The Clinical Standards Board for Scotland (CSBS) Generic Clinical Standards published in January 2001 defines the standards to which all clinical services should be delivered in Scotland.

Impact

• In Scotland, by extrapolation from the figures published by NICE, it is estimated that the total numbers of children with GH deficiency, TS, CRI, and PWS who would be eligible for growth hormone is 500 - 700.
• The mean annual cost of treatment is estimated to be #6,103 for a child with GH deficiency, #10,126 for a child with TS, #11,132 for a child with CRI, and #9,840 for a child with PWS. These figures are derived from the economic analysis detailed in the Assessment Report commissioned by NICE and are based on the annual treatment costs of a 30 kg child.
• In Scotland there are estimated to be over 160 children currently receiving treatment for GH deficiency, TS or CRI, incurring costs of around #1.2 million to NHS Scotland annually. However, there are an estimated further 174 children with GH deficiency, 95 275 children with TS and 33 children with CRI in Scotland who may be eligible for, but are not receiving, growth hormone treatment. Treating these children would cost NHS Scotland an additional #2.4 to #4.2 million per annum.
• The number of children with PWS who are currently receiving growth hormone treatment is unknown. The cost of treating all eligible children in Scotland (around 50) would be around #500,000 per annum. However only a proportion of this cost will be incurred, depending on the number of children with PWS who currently receive growth hormone treatment.

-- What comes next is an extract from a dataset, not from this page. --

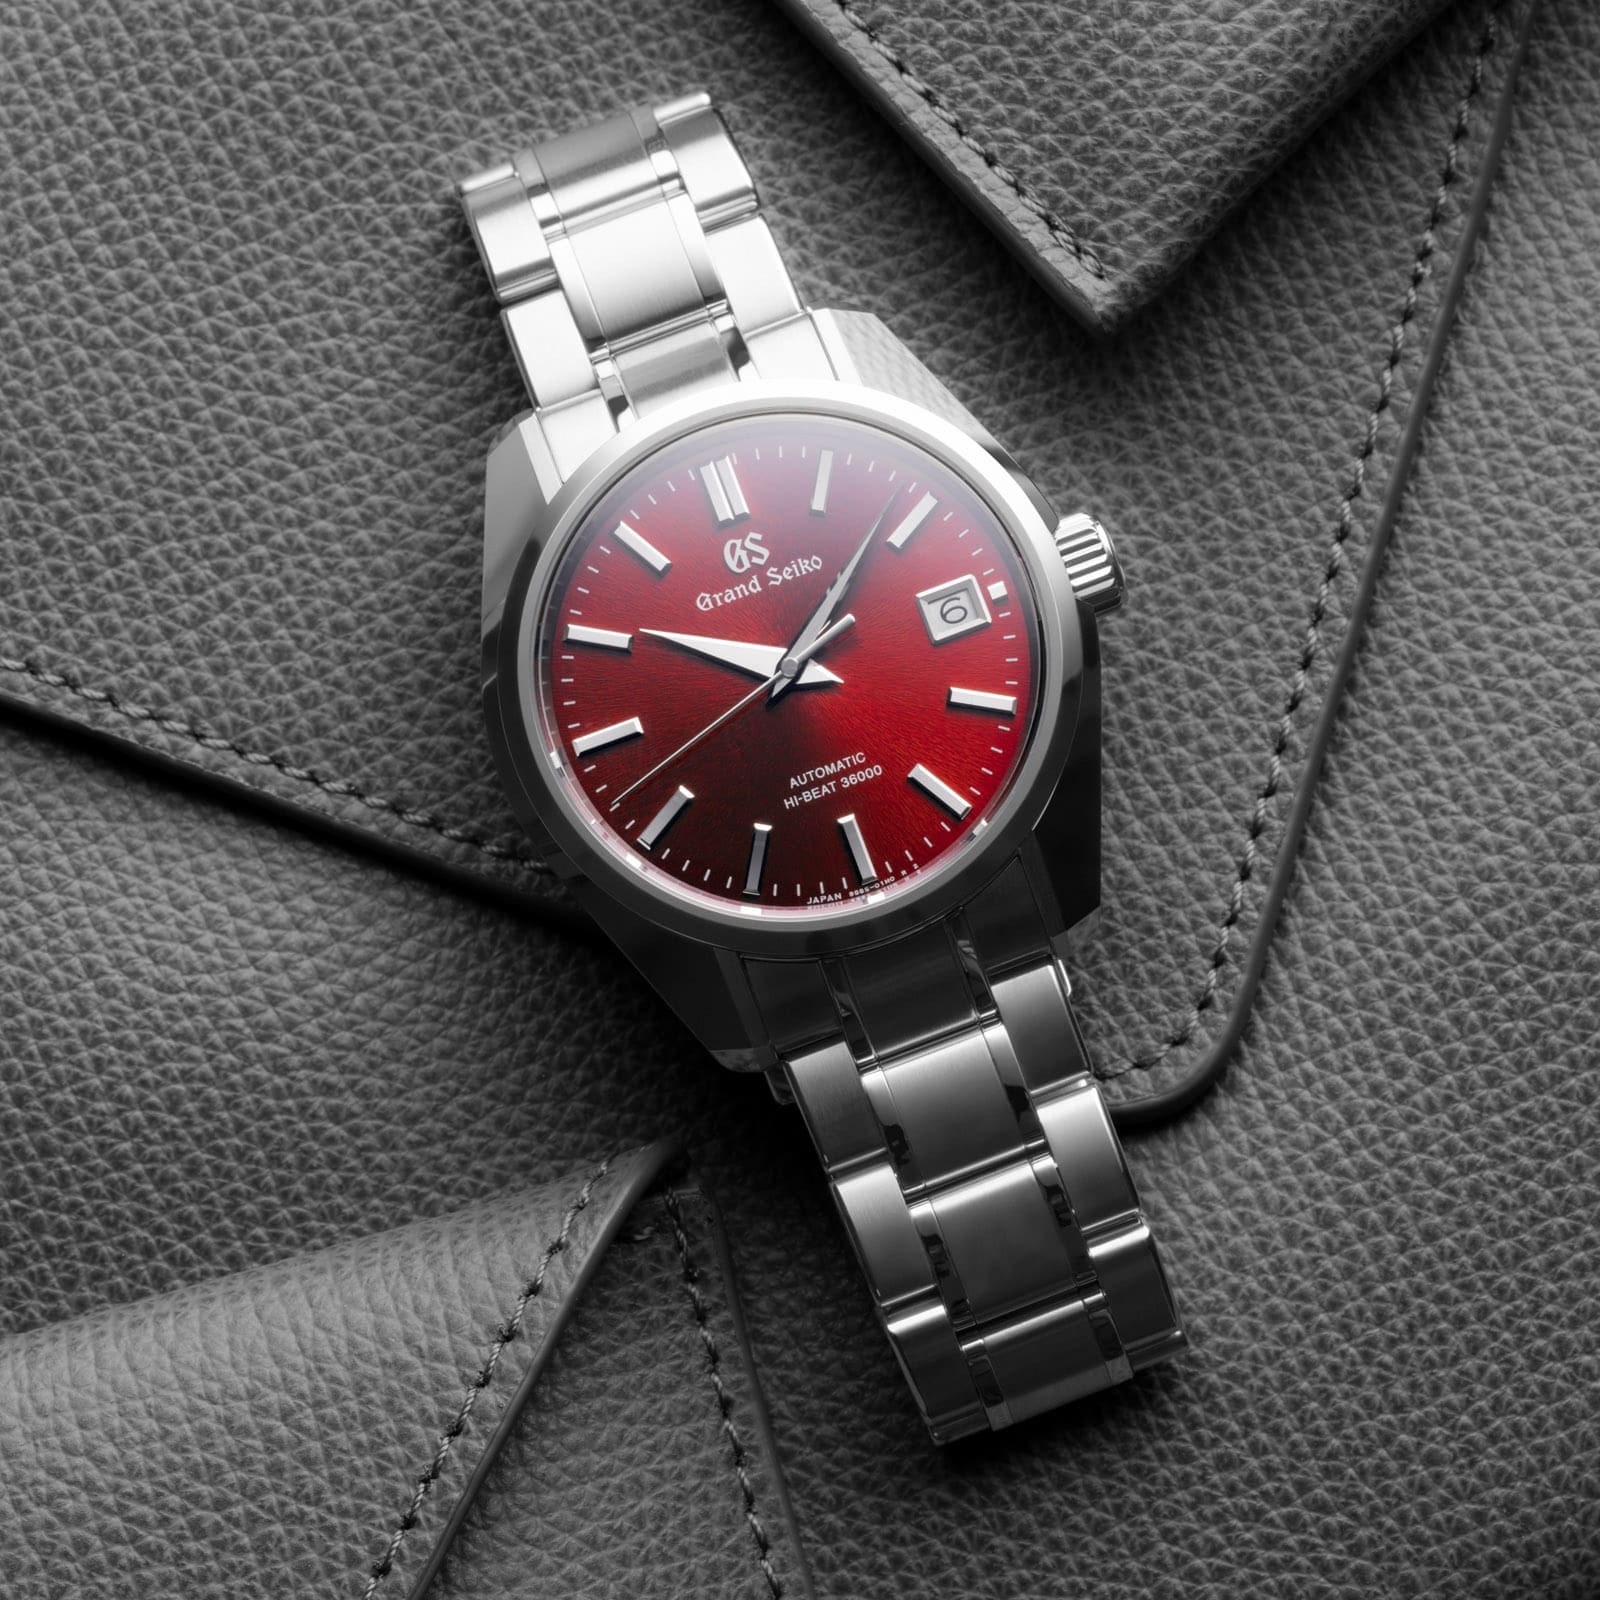 The Grand Seiko SBGH345 is a new Ever-Brilliant Steel online exclusive with a red Mt. Iwate dial
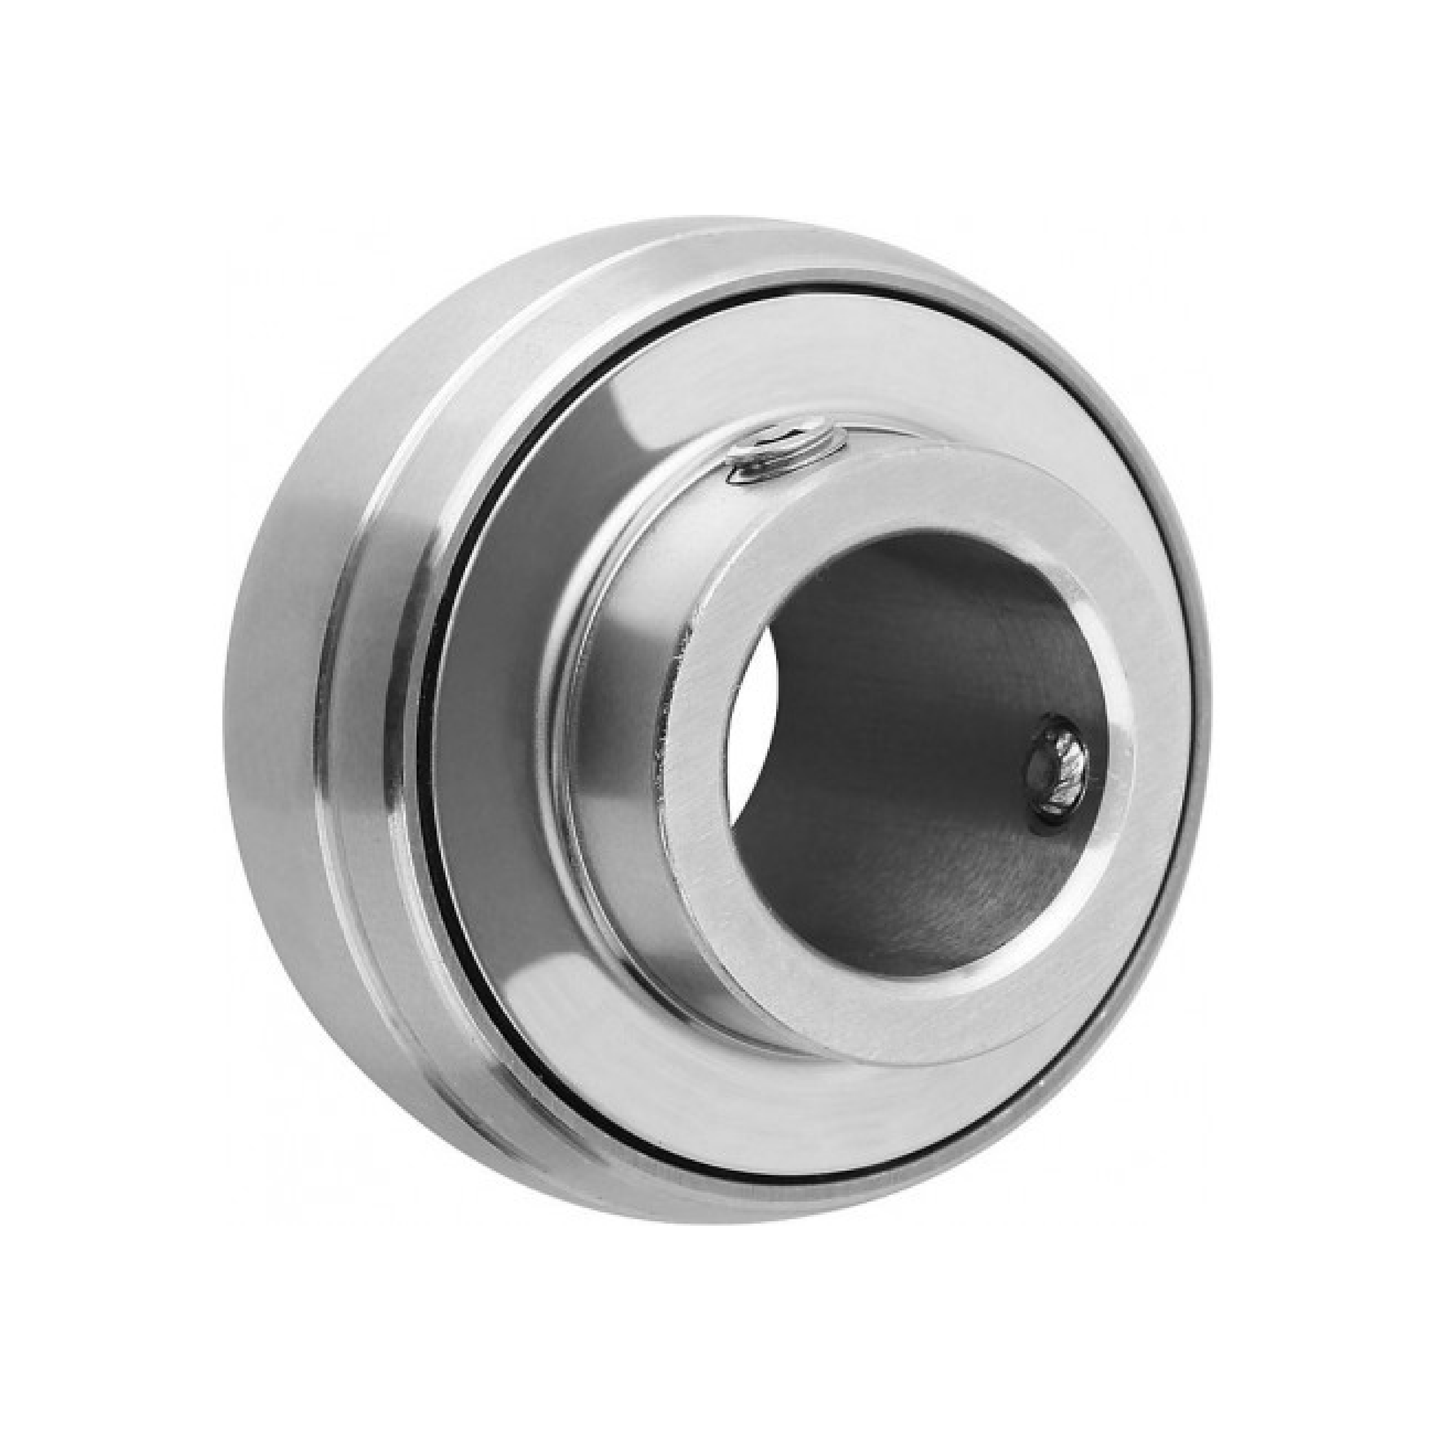 Bearing with locking ring 35x72x42.9 UC 207 stainless steel

NHSScotland should take account of this Comment from HTBS and ensure that recommended drugs or treatments are made available to meet clinical need.

This HTBS Comment is the result of a consideration of possible contextual differences in Scotland, according to the following categories:

• Principles and values of NHSScotland
• Epidemiology (frequency and distribution)
• Structure and provision of services in Scotland
• Other implications for NHSScotland.

No important differences were identified for this NICE Technology Appraisal Guidance.

An Understanding HTBS Advice is also being distributed on this topic and is available from the HTBS website or office or patient group.

HTBS would like to thank NICE for its cooperation in delivering this Comment. HTBS is also grateful to the experts in Scotland who provided input to this Comment.